I listened to James Cannon's fighting speeches for a legal Communist party in America. Cannon's manner was different from Bill Haywood's or Foster's. He had all the magnetism, the shrewdness, the punch, the bag of tricks of the typical American politician, but here he used them in a radical way. I wondered about him. If he had entered Democratic or Republican politics, there was no barrier I could see that could stop him from punching his way straight through to the front ranks.
I think Trotsky was the first of the big Russians to be convinced that there should be a legal Communist party in America, then Rakovsky and finally Zinoviev, a little reluctantly. Bukharin was for the illegal group. He said: "Remember what Jack London has told us about the terror and secret organization in America in his Iron Heel." That was so rare that I had to smile. While Cannon was informing the Russians about actual conditions in America, Bukharin was visualizing the America of Jack London's Iron Heel. Bukharin always did make me think of that line about some men having greatness thrust upon them. I believe that Lenin said of Bukharin, as Frank Harris said of H.G. Wells, that he could not think. Yet Bukharin was the author of the A B C of Communism, which once had a big vogue among the radicals.
At last even I was asked my opinion of an illegal Communist party in America. I tried to get excused, saying that as I was not an official delegate or a politician, but merely a poet, I didn't think my opinion was worth while. But as my colleague the mulatto was for the illegal party, I suppose they needed a foil. So then I said that although I had no experience of the actual conditions of social life in Czarist Russia, I believed there was no comparison between them and American conditions today. There were certain democratic privileges such as a limited freedom of the press and a limited right of free speech that our governing classes had had to concede because they were the necessary ingredients of their own system of society. And American radicals could generally carry on open propaganda under those democratic privileges. Our Upton Sinclairs, Eugene Debs's, Max Eastmans and Mother Jones's might be prosecuted and imprisoned for a specific offense against the law, but they were not banished for their radical ideas to an American Siberia. And I said I thought that the only place where illegal and secret radical propaganda was necessary was among the Negroes of the South.
What I said about the Negroes of the South was more important than I imagined, and precipitated the Negro question. The Negro question came under the division of the Eastern Bureau, of which Sen Katayama was an active official. Because of his American experience and his education among Negroes, Sen Katayama was important as a kind of arbiter between black and white on the Negro question. It was an unforgettable experience to watch Katayama in conference. He was like a little brown bulldog with his jaws clamped on an object that he wouldn't let go.
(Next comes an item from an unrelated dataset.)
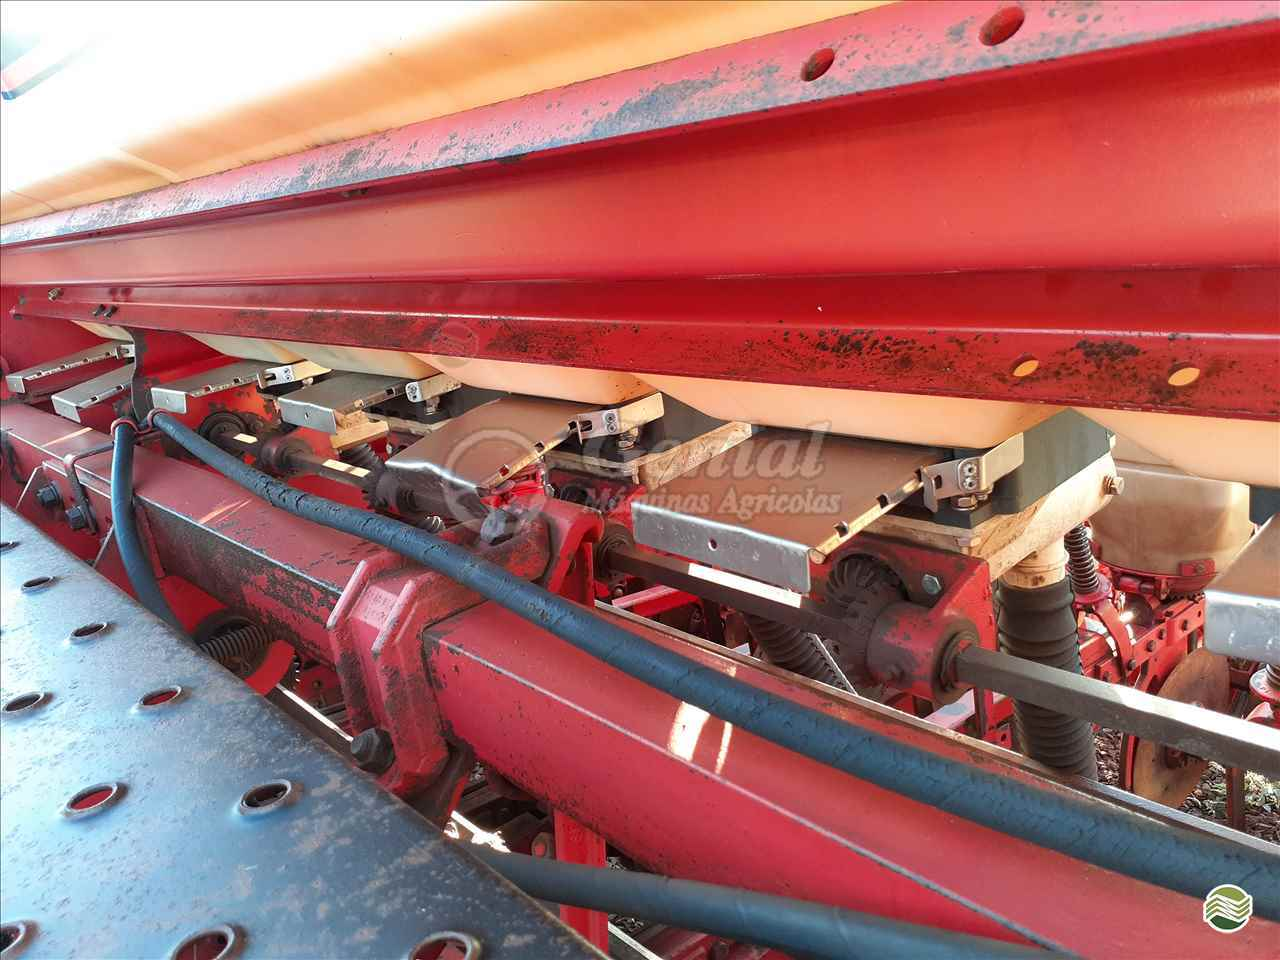 SEMEATO SEMEATO PS 11  2008/2008 Genial Máquinas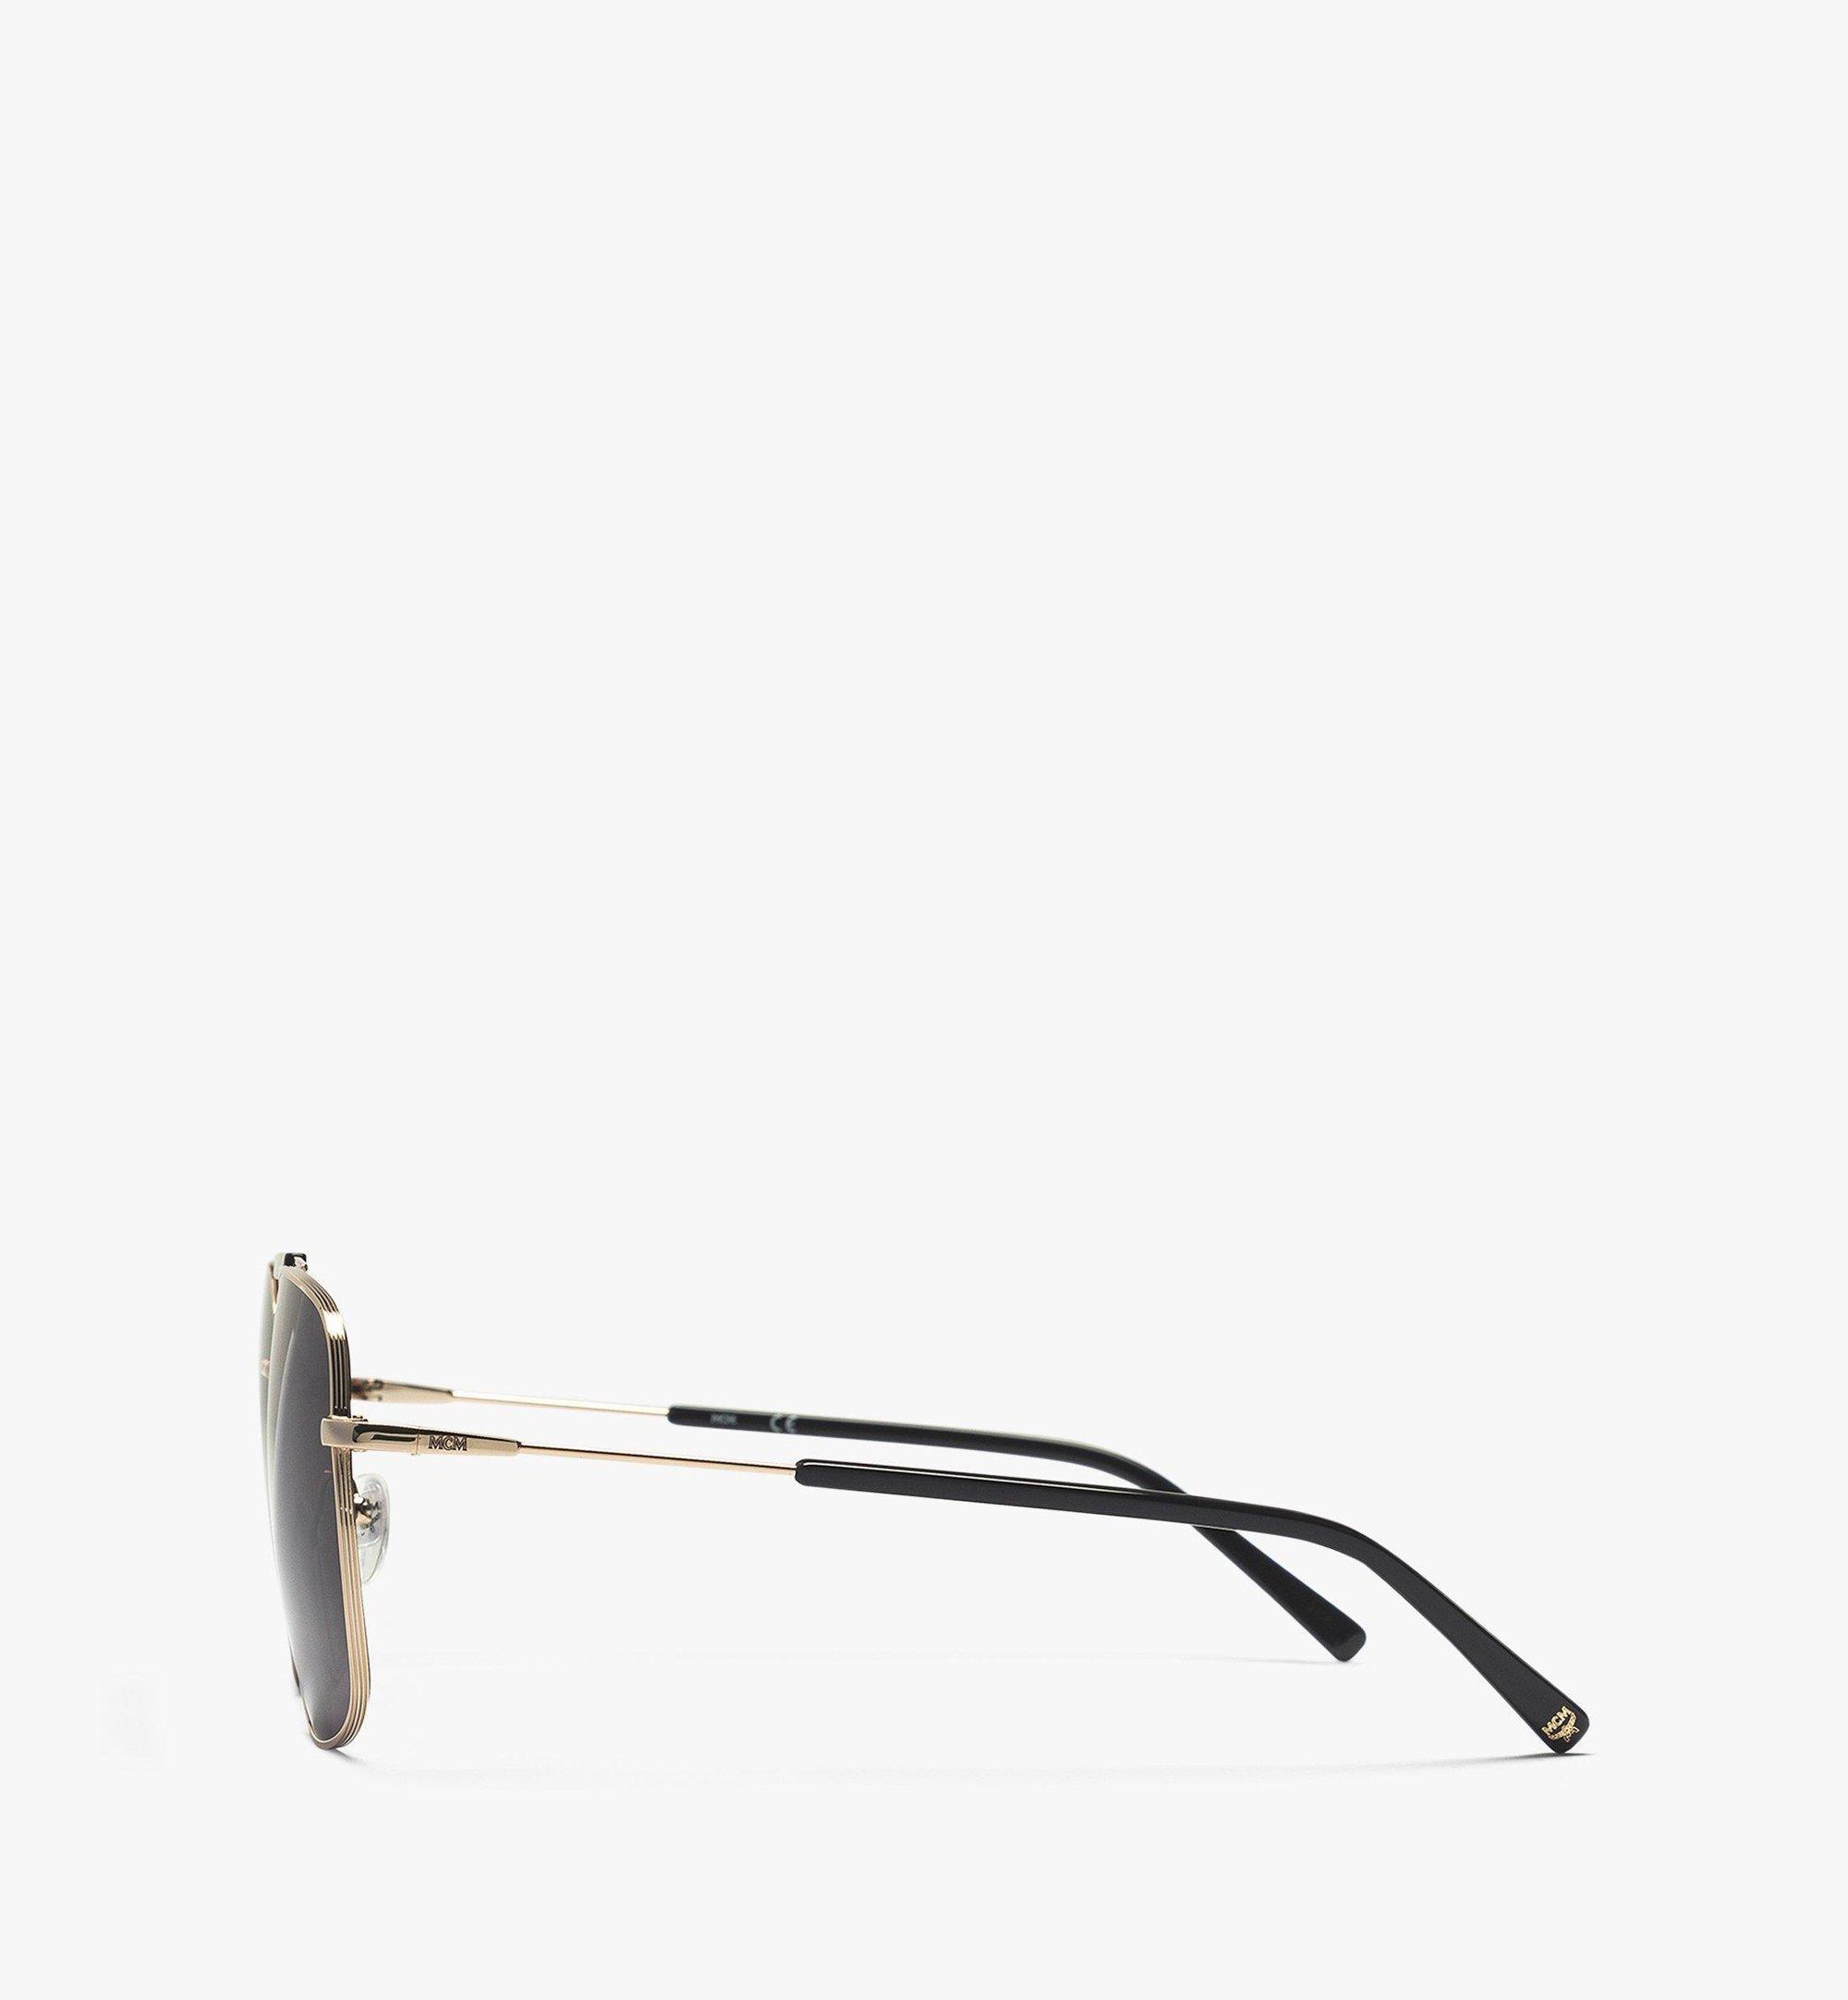 MCM MCM161S Navigator Sunglasses Gold MEGBAMM01DG001 Alternate View 1

He apparently forgot all about nice human relationships in conference. Sen Katayama had no regard for the feelings of the white American comrades, when the Negro question came up, and boldly told them so. He said that though they called themselves Communists, many of them were unconsciously prejudiced against Negroes because of their background. He told them that really to understand Negroes they needed to be educated about and among Negroes as he had been.
Think not that it was just a revolutionary picnic and love feast in Moscow in the fifth year of Lenin! One of the American delegates was a southerner or of southern extraction. An important Bolshevik facetiously suggested to him that to untangle the Negro problem, black and white should intermarry. "Good God!" said the American, "if Jesus Christ came down from Heaven and said that in the South, he would be lynched." The Bolshevik said: "Jesus Christ wouldn't dare, but Lenin would."
Also I remember Walton Newbold who was the first Communist candidate elected to the British House of Commons. Saklatvala, the Indian Parsee, had announced himself a Communist only after he had been elected as an independent, but Walton Newbold was the first candidate of the British Communist Party. Just after his election to Parliament Newbold came to Moscow, while the Fourth Congress of International Communism was in session. For any reader who might not understand why a Communist member of the British Parliament should go to Moscow, I may explain that by the parallel of a cardinal going to Rome after receiving his hat. It was a big day for the little insignificant delegation of British Communists when Newbold arrived in Moscow. Of that triumphant arrival, one incident sticks more in my memory. I was informed that a member of the Chinese Young Communists, who was attending the Congress, met Newbold in the lobby of the Lux Hotel. He went up to Comrade Newbold to congratulate him and began: "Comrade Newbold—"
"Hello, Chink," Newbold cut in.
"But Comrade Newbold, I am not a Chink."
"Who told you that you weren't?" said Comrade Newbold as he turned away.